Or so they say in the AI communities, conferences and mastermind groups. In the bigger forums, this journey is described as an opportunity. But in small private groups, there’s more talk of disruption and job loss.
Do you see AI as disruption? Or opportunity?
The answer usually depends on your role and your industry. Those two things are hard to change. But it also depends on something else: your own artificial intelligence skills. That’s something you can definitely change. Each of us is in charge of our own skill set. We can all study, practice and experiment. We can all acquire new AI skills and guide our own transformational journeys.
What does AI proficiency look like?
Like any skill, it is learned in steps. You don’t achieve AI mastery all at once. You learn in stages. But what are those stages? What is the order? How best to acquire the skills that maximize opportunity and minimize disruption?

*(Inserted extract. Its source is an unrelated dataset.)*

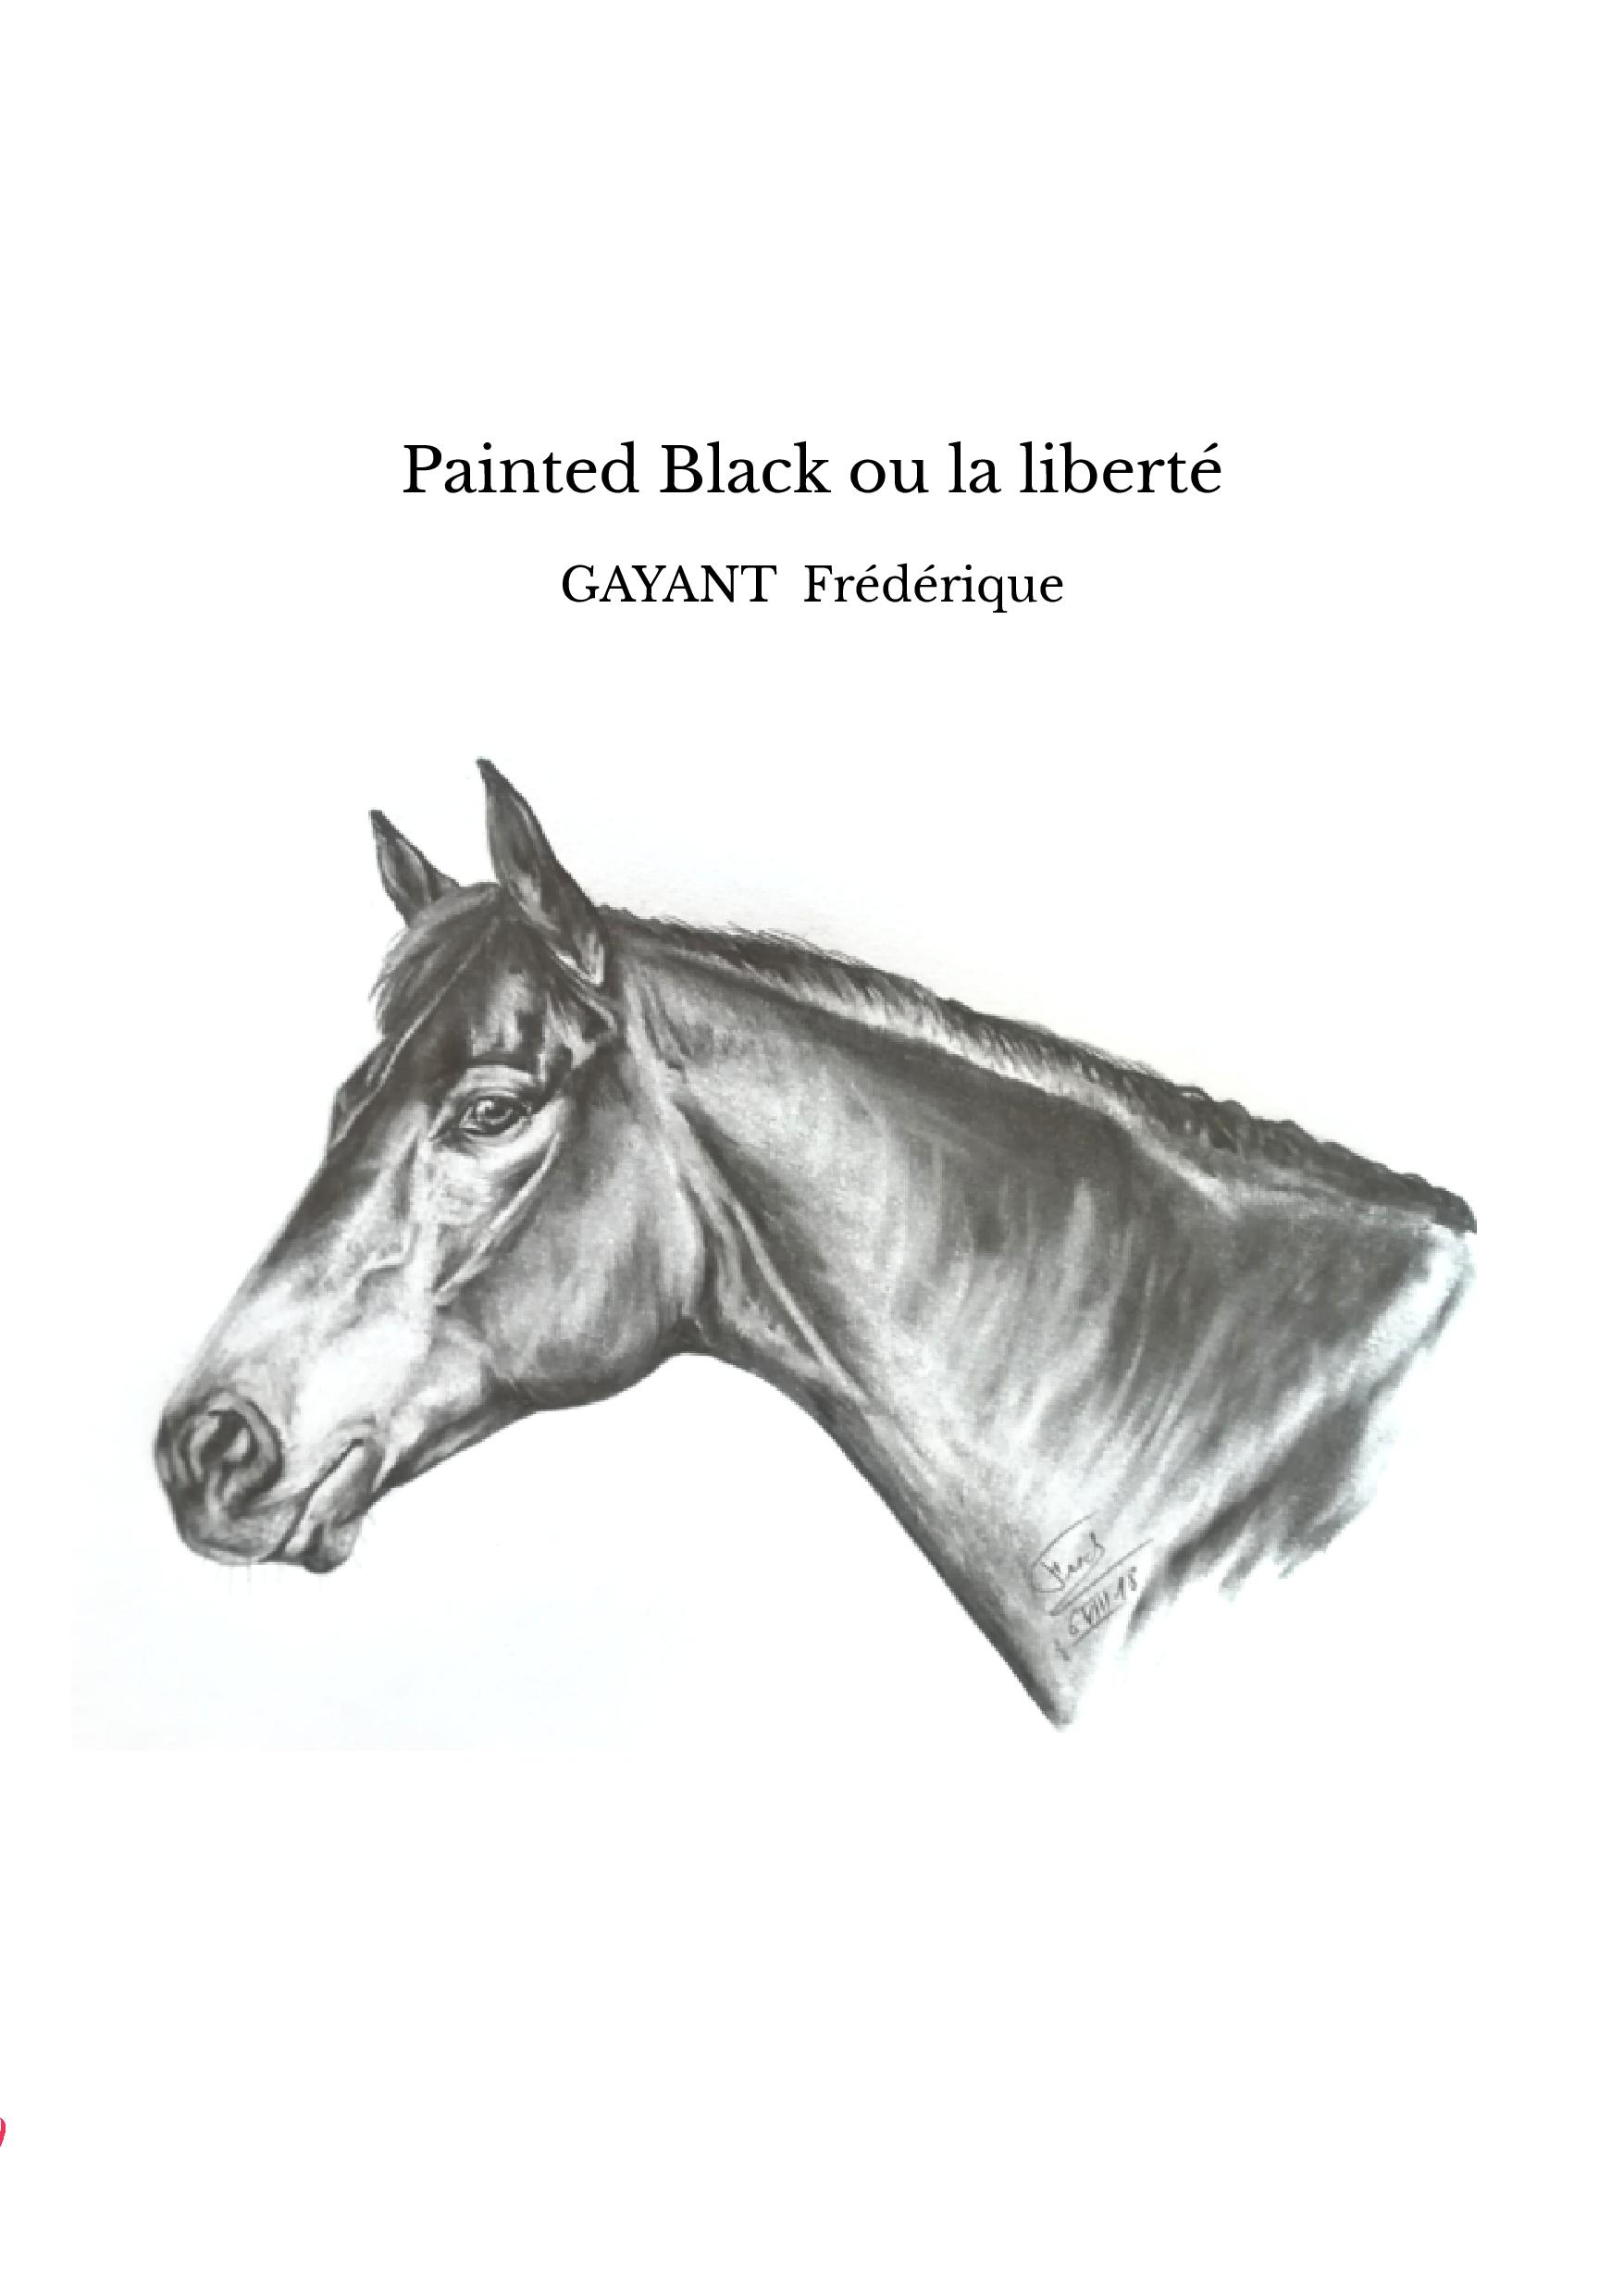 Painted Black ou la liberté

Here is a little roadmap for your journey toward AI proficiency. It shows that each of us has a clear path forward. It’s also a reminder that we are in charge of our careers. We are all empowered to take action. There are things we can do today to get to the next stage.
Stage Zero: The AI User
It started with a poem. It was springtime in 2023 and you heard that this new ChatGPT thing could write anything. So you tried it out with something fun, like song lyrics or poetry.
That first prompt was your first step. In that moment, you became an AI user.

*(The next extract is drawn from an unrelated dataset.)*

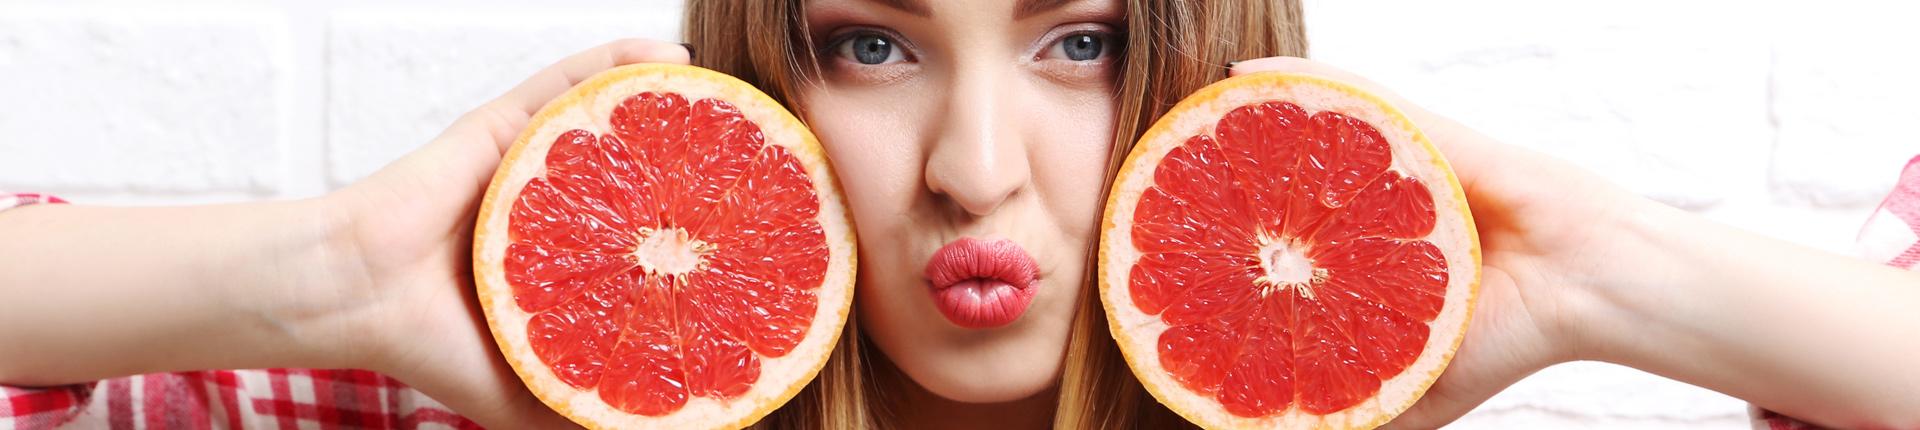 5 owoców, które warto włączyć do diety
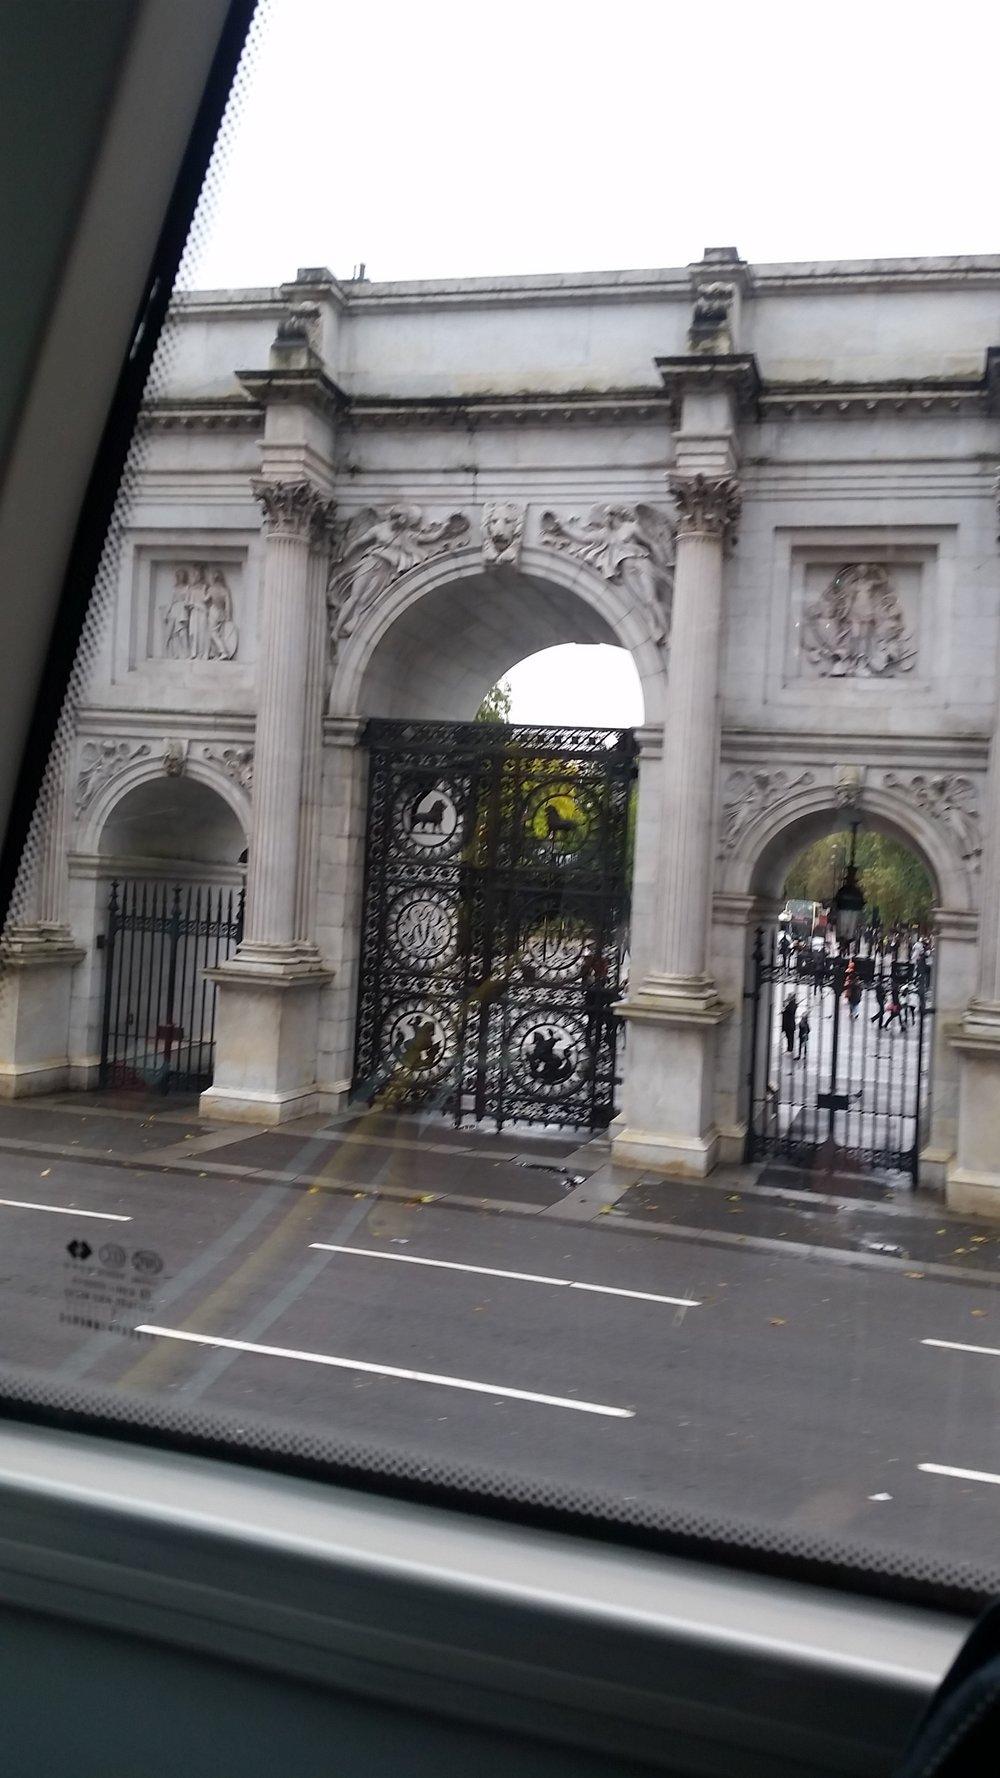 MarbleArch-London-thekini2

Soon you were asking it for help brainstorming ideas and editing drafts. You discovered that AI is extremely versatile. But often, it’s not very good. Then again, you weren’t trying too hard. You were an ad hoc AI user.
Stage One: The AI Trainer
The first step on the path to AI proficiency is discovering new inputs and outputs. You start to give AI very detailed instructions.
You learn you can upload all kinds of training materials along with your prompts, such as reports, screenshots, personas, examples and style guides. You can ask it for all kinds of things, such as reports, drafts, strategies and images.
The better you train it, the better the responses.
You discover:
- Giving the AI more context, training and detailed instructions gets you better responses.
- Giving AI information about your target audience (personas, ICPs) improves responses dramatically.
- Finding the right data to give the AI is actually more time consuming than prompting. Unstructured data needs to be cleaned up before you upload it.
Tips for AI Trainers:
- Look for “Export” buttons in all of your tools. Each one is really a “Generate training data” button for your helpful AI analyst.
- In ChatGPT, if the response is not good, you can scroll back up to your initial input and edit the prompt by clicking the pencil icon. When you edit a prompt (rather than writing a subsequent prompt) the results are often much better. Unlike your real-world conversations, in an AI conversation, you can take a step back in the conversation and change what you first said.
- If the response is good, you can ask the AI to give you a prompt to repeat the method again later. You’re ready for the next stage in your transformational journey.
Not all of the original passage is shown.